■ **MATERIAL FOR THIS EXERCISE**:
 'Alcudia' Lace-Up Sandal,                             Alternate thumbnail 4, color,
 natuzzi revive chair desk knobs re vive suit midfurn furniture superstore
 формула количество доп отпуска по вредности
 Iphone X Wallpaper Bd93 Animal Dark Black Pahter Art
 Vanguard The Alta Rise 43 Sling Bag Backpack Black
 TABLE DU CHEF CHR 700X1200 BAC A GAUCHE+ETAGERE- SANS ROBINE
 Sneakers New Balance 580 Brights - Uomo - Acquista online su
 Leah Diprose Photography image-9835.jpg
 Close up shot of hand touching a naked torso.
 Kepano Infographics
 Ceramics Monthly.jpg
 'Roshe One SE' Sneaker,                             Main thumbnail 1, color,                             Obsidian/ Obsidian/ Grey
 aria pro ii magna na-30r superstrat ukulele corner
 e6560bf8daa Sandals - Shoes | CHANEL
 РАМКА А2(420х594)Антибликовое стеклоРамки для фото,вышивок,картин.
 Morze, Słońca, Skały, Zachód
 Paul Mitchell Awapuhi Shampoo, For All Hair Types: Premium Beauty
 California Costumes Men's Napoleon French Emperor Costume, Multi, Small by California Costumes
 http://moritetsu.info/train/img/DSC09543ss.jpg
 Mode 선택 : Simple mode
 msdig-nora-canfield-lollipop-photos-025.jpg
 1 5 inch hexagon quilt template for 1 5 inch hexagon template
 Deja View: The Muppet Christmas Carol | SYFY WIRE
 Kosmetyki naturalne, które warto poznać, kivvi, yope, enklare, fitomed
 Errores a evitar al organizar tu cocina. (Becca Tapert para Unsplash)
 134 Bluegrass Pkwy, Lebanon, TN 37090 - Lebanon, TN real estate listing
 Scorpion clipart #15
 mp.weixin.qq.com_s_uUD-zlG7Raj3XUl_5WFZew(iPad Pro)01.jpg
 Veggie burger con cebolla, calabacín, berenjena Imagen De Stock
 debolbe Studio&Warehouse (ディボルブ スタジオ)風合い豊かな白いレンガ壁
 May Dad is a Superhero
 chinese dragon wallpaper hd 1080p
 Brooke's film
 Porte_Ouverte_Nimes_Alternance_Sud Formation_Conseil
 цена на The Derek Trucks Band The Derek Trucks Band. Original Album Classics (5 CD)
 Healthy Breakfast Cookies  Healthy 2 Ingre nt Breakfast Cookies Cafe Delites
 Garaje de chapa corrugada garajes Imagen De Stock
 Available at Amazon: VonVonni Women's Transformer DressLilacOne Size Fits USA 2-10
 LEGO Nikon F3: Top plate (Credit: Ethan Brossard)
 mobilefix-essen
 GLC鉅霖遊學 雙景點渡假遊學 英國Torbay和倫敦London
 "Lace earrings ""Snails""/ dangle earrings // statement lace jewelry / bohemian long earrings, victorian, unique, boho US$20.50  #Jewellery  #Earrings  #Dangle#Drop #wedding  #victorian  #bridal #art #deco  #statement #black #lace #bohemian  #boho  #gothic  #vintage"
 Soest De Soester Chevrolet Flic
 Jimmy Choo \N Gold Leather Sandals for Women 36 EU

■ **PROBLEM TO WORK ON**: Some lines of the data above may hold the word "Imagen"; report how many do, and nothing else.

■ **ANSWER TO THE PROBLEM**: 2